Happy Thanksgiving! This has always been my favorite holiday. I love the smells, the busyness in the kitchen, the family gathering together . . . But I especially love celebrating a day that symbolizes gratitude. I believe that reminding ourselves what we are grateful for can be such a powerful and positive tool. When life gets crazy, or we’re feeling frustrated with where we’re at in our lives, or wishing we had more of this or less of that . . . simply taking a moment or two to consider all that we DO have, whether those things are “big” or “small,” can truly clarify our perspective and help us to reprioritize what really matters. I try to do this as often as I can remember to, but having this day of thanksgiving every year is a perfect opportunity to focus on these thoughts as they apply to my life at the moment.

Today’s recipe was inspired by a similar one I raved about at a Thanksgiving several years ago. I had never had a “nut ball” before (great name, I know 😜), but after trying them, I was sold. They were baked in a bbq-like sauce and were just divine! Ever since then I’ve wanted to do my best to replicate them. So, without further adieu, here is my version I’m calling, Holiday Nut Balls (please help me come up with a better name).

In my first attempted version of these, I tried simmering them in a Crock-Pot in their sauce . . .

Holiday Nut Balls

Holiday Nut Balls

The flavors were all there, BUT, the balls completely crumbled apart into what became a “meaty” looking sauce. So, they are now baked separately in the oven . . .

Holiday Nut Balls

. . . and then served with their sauce poured over top. They look so pretty!!

Holiday Nut Balls

They certainly have a way of brightening up a plate! And when served with a side of colorful roasted veggies, they’re almost too pretty to eat. Almost.

They work quite well as a stand-in entree for turkey, ham, or whatever main protein dish is being served. And they will satisfy both vegetarian and non-vegetarian guests, alike! (See note in recipe for a gluten-free option!) Per serving (four balls), they offer 9 grams of protein, about 20% of daily iron and zinc requirements, 25% of daily magnesium and 5 grams of fiber.

If you have a large number of dishes to prepare, this would be one that could easily be prepped ahead of time. I would recommend forming them into balls, storing them in the refrigerator, then baking them just before serving. The sauce could certainly be done beforehand and then reheated.

Holiday Nut Balls

A simple and delicious vegan option for the holidays.

Prep Time 30 minutes
Cook Time 30 minutes
Total Time 1 hour
Servings 6
Author Foodbodybliss


Nut Balls:

  • 2 tbsp ground flaxseed
  • 6 tbsp hot water
  • 1 cup walnut halves, finely chopped
  • 1 cup whole cashews, finely chopped
  • 1/2 small yellow onion, finely diced
  • 1/2 cup bread crumbs *See note below
  • 1 clove garlic
  • 1 tsp dijon mustard
  • 1/8 tsp ground white pepper
  • 1 1/2 tsp fresh thyme, chopped
  • 1/4 tsp salt
  • 1/4 tsp dried marjoram

Sweet and Tangy Sauce:

  • 6 oz can tomato paste
  • 1 cup vegetable stock
  • 1/2 cup apple cider vinegar
  • 2 tbsp Worcestershire sauce
  • 3 tbsp pure maple syrup
  • 1/4 tsp ground white pepper
  • 1/2 tsp garlic powder
  • 1/2 tsp onion powder
  • 1/2 tsp salt


For Nut Balls:

  1. Stir flaxseed and water together in a small bowl, and set aside.

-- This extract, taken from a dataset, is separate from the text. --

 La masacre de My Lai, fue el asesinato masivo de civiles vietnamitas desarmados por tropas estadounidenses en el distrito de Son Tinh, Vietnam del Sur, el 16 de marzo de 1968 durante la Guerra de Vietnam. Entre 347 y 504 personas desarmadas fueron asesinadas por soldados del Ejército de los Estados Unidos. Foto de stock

  2. In a large bowl, combine all remaining ingredients.

  3. Add the flax egg, now thickened, to the main bowl and mix everything together until combined.

  4. Heat oven to 350F.

  5. Using a cookie scoop (or a tablespoon), form mixture into balls. They should be slightly smaller than golf ball size. I found I needed to squeeze them in my hand a few times before the held their shape.

  6. Place balls onto a parchment-lined baking sheet and bake for 20 minutes, turning them over halfway.

For Sauce:

  1. Add all ingredients to a saucepan, and whisk them together until you have a smooth sauce.

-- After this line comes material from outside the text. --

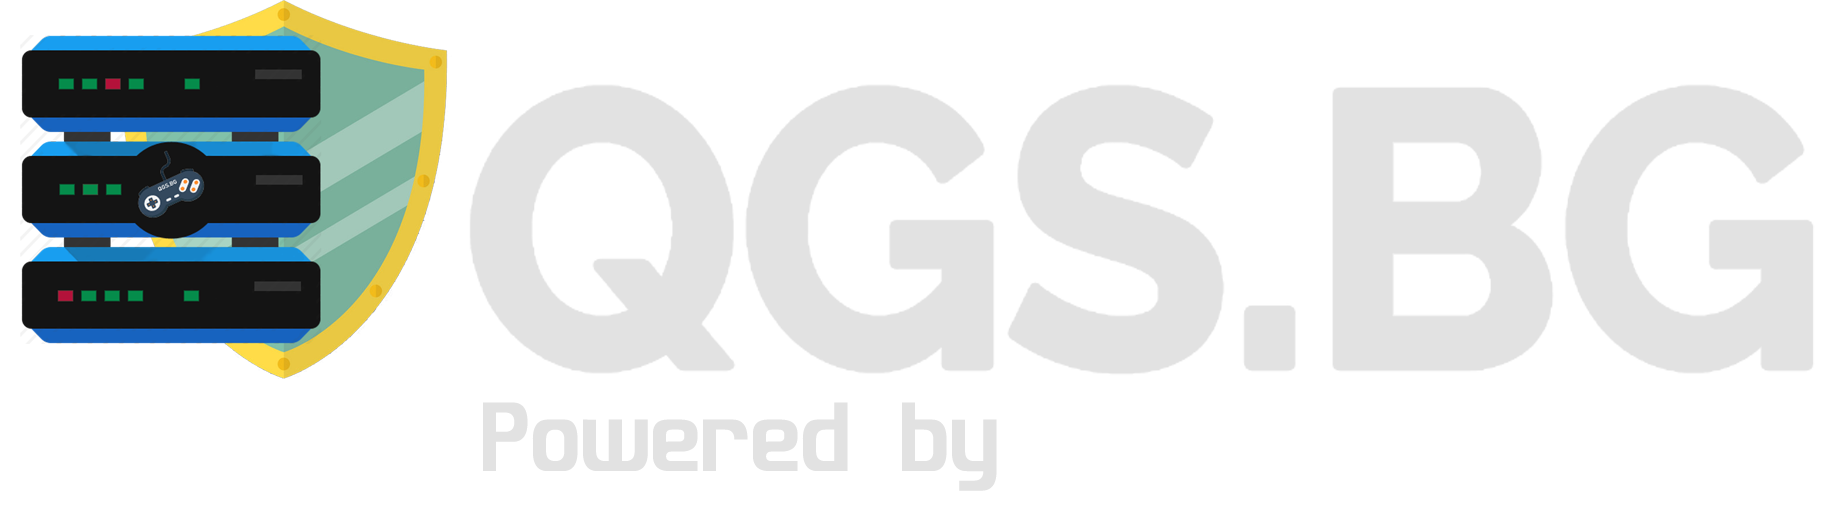 qgs-logo-xcg.png

  2. Turn heat to medium and bring to a low boil.

  3. Reduce heat to low, and simmer for 8-10 minutes.

  4. Serve the balls first, then pour sauce over the top. Enjoy!

Recipe Notes

Note: You could serve these on a platter with the sauce poured over top for a nicer presentation. Just be cautious in transferring them to plates, as they tend to fall apart fairly easily.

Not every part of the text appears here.